The copyright bar has grown increasingly polarized over the past 15 years.8  Precisely because of that polarization, a project designed to gather a group of copyright experts and charge them with generating a list of copyright principles has features that make it appealing across the copyright political spectrum. First, because the effort involves articulating principles of copyright law, the power and money imbalance between different interests looms smaller, blunting the influence of what Larry Lessig has called “all the money in the world.”9  Second, even those with well-developed lobbying muscles have reasons to prefer conversing with other copyright specialists rather than a more general crowd. There’s probably some truth to the charge that we who practice, teach, or write about copyright law for a living have all drunk the copyright Kool-Aid®.10  Copyright lawyers, as a group, are less likely to challenge the received copyright wisdom, and less likely to propose that copyright-affected players adopt radically new business models. Finally, casting a project as a pursuit of copyright principles allows participants to try to ferret out the issues on which they agree and paper over or vague out the issues on which agreement proves impossible.

One sign that copyright reform is on the horizon is that copyright principles projects are springing up, trying to figure out a way to generate something that will prove useful.
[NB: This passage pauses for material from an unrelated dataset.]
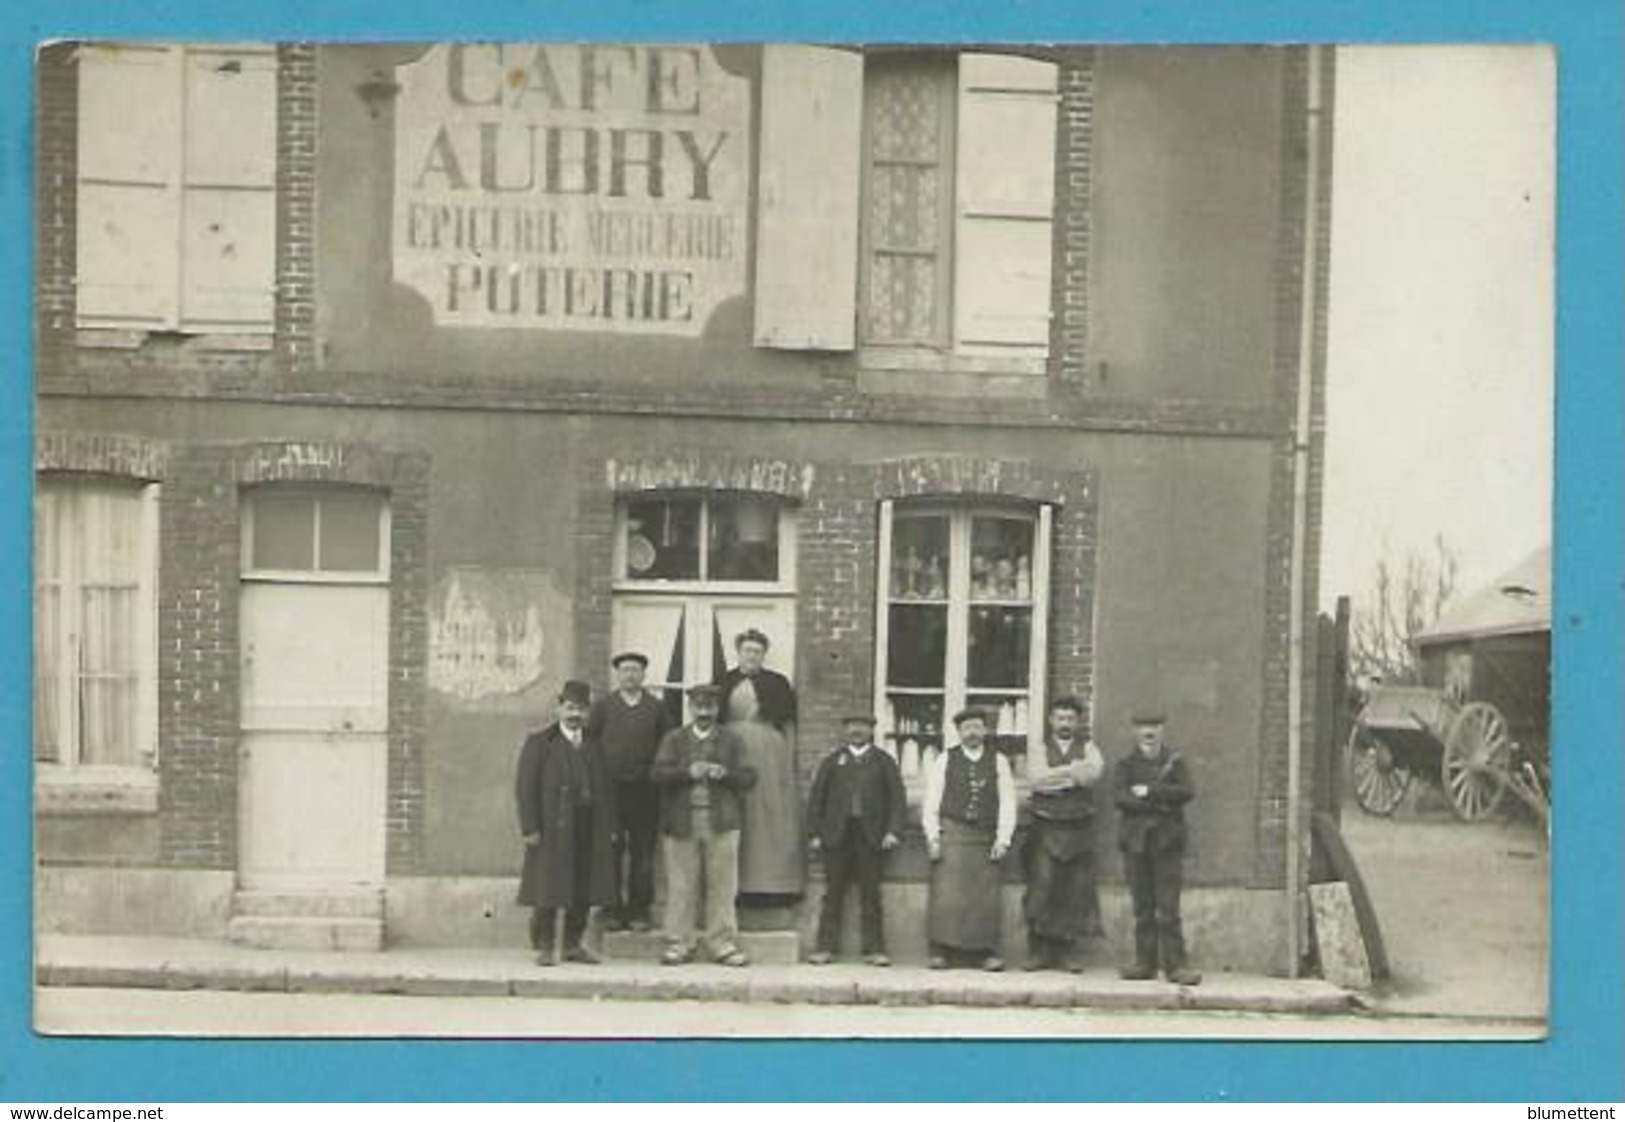 CPA PHOTO Café AUBRY Epicerie Mercerie Poterie à CHAMPIGNY 94 - Champigny Sur Marne

I don’t mean to impugn such projects – indeed, as I’ll explain in the next post, I’ve been working with one myself.

Editor: Part 2, in which Professor Litman attempts to "articulate principles on which copyright experts across the copyright political spectrum might be able to agree," will publish tomorrow.

1  Compare, e.g, Pamela Samuelson, Preliminary Thoughts on Copyright Reform, Utah L. Rev. (2007) with, e.g., David Nimmer, Codifying Copyright Responsibly, 51 UCLA L. Rev. 1233 (2004) and Protecting Copyright and Innovation in a Post-Grokster World: Hearing Before the Senate Comm. On the Judiciary, 109th Cong. (Sept. 28, 2005) (testimony of Marybeth Peters, Register of Copyrights).
2  17 U.S.C. § 114 (“Scope of Exclusive Rights in Sound Recordings”).
3  See, e.g., Capitol Records v. Bertelsmann, 377 F. Supp. 2d 796 (N.D. Cal. 2005); Viacom International v. YouTube, Inc., No. 07-CV-2103 (S.D.N.Y. filed March 13, 2007); Capitol Records, Inc. v. Thomas, No. 06-CV-1497 (D. Minn. 2007).
4  CBS, Inc. et. al, Copyright Principles for User-Generated Services (Oct. 18, 2007); the GNU General Public License (June 29, 2007); Microsoft, Inc., Microsoft Windows Vista Home Basic English End User License Agreement (visited Nov. 12, 2007); see generally Prof. Margaret Jane Radin, The Evolution of Contracts in the Digital Era (Seminar, Fall 2007).
5  See, e.g., Brief Amicus Curiae Americans for Tax Reform in Cartoon Network, LP v. Cable News Network, LP, No. 07-1480-CV(L) (2d Cir. filed July 11, 2007) at 15-16.
6  E.g., Adelphi Charter on Creativity, Innovation and Intellectual Property (Oct. 13, 2005); CBS, Inc. et. al., Principles for User-Generated Content Services, supra note 4; Center for Democracy and Technology, Protecting Copyright and Internet Values: A Balanced Path Forward (Spring 2005); EFF et. al., Fair Use Principles for User-Generated Video Content (Oct. 31, 2007).
7  See National Information Infrastructure Task Force Working Group on Intellectual Property, Public Hearing on Intellectual Property Issues Involved in the Information Infrastructure (Nov. 18, 1993), (testimony of Gary J. Shapiro, Home Recording Rights Coalition); id. (testimony of Ronald J. Palensky, Information Technology As’sn of America).